Documentary Evidence www.documentaryevidence.co.uk

A Short History of Documentary Evidence

1991 - 2011








Mute - 'Documentary Evidence 5' booklet

A Short History of Documentary Evidence 1991 - 2011

Musically, and most definitely financially, my world changed massively on 22 June 1991. That was a warm and sunny English Saturday. As I did on most Saturdays, I went into Stratford-upon-Avon town centre with my mother and sister. Earlier that week, 'Chorus' by Erasure had been released. 'Chorus' was the first single to be taken from Erasure's new album, also called Chorus. By 1991 I was hooked on Erasure and I had decided that they were my favourite band, without question. Elsewhere I still had dubious musical taste, was still buying up ostensibly chart pop with all its attendant horrors, but Erasure were my favourite band by far.
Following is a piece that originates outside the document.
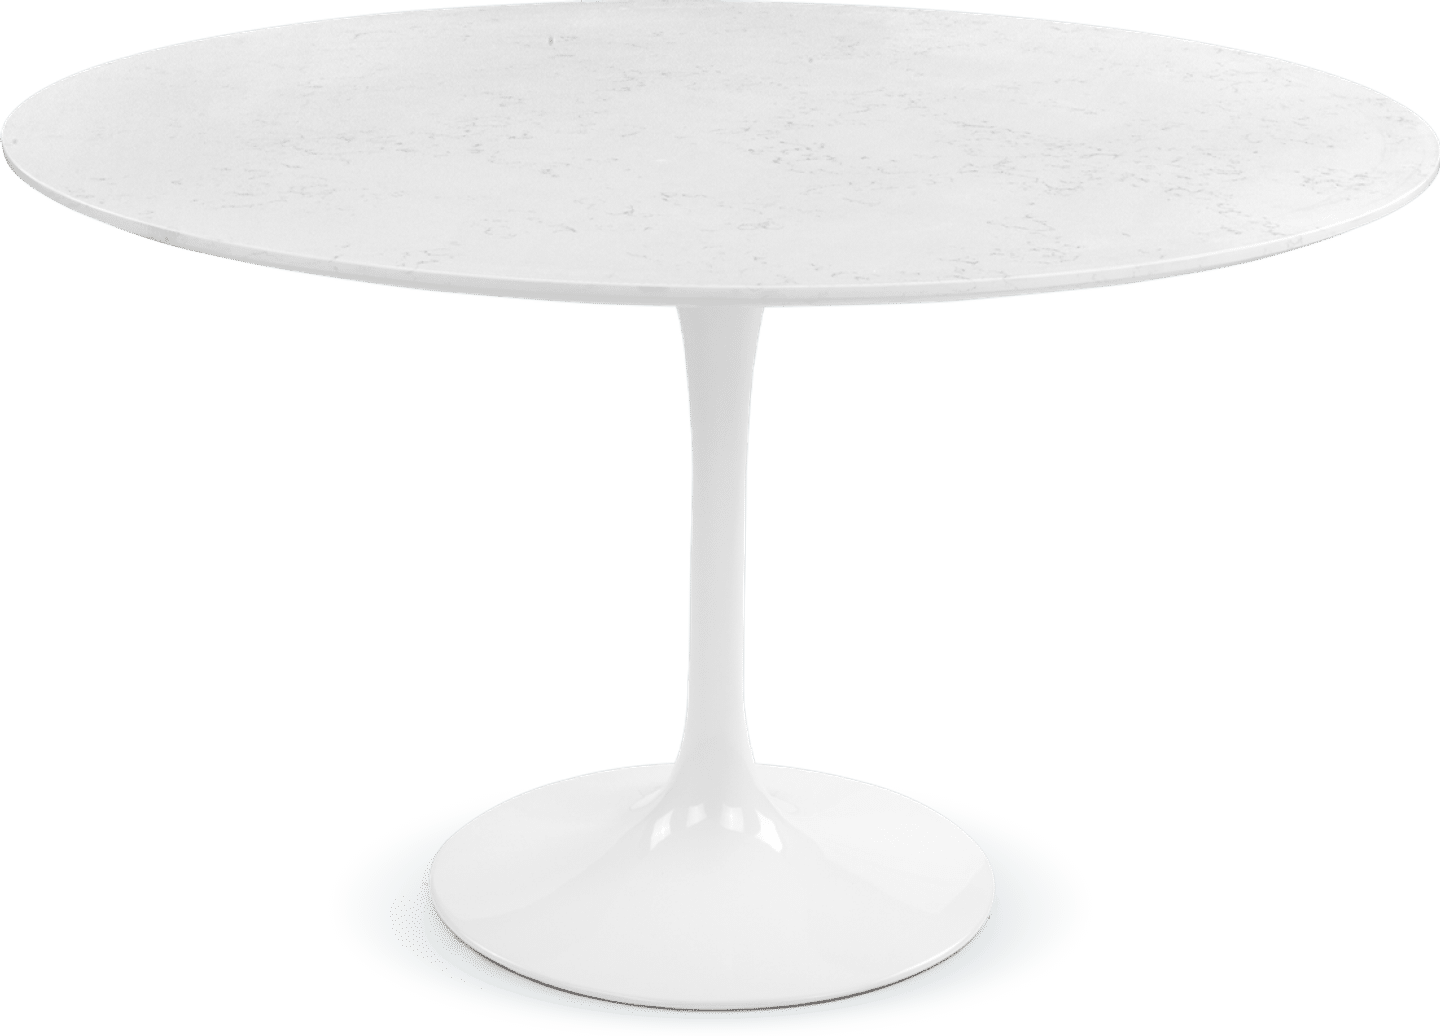 Tulip Round Dining Table - White Marble White Quartz 120/120 CM image.

I'd liked Erasure since 'Sometimes', but only as much as I liked anything else I heard on the radio if I'm honest; it would be tempting to say that my fandom had started when that track was released, but in truth I was ten years old in 1986 and I'm not into revisionist personal histories. I do, however, recall Vince Clarke and Andy Bell performing 'Chains Of Love' on Saturday morning TV in 1988 and thinking 'I really like this band,' but not so much to enter the competition on the show to win their entire back catalogue; a shame really, as winning that competition would have saved me a lot of money on buying up their releases later on.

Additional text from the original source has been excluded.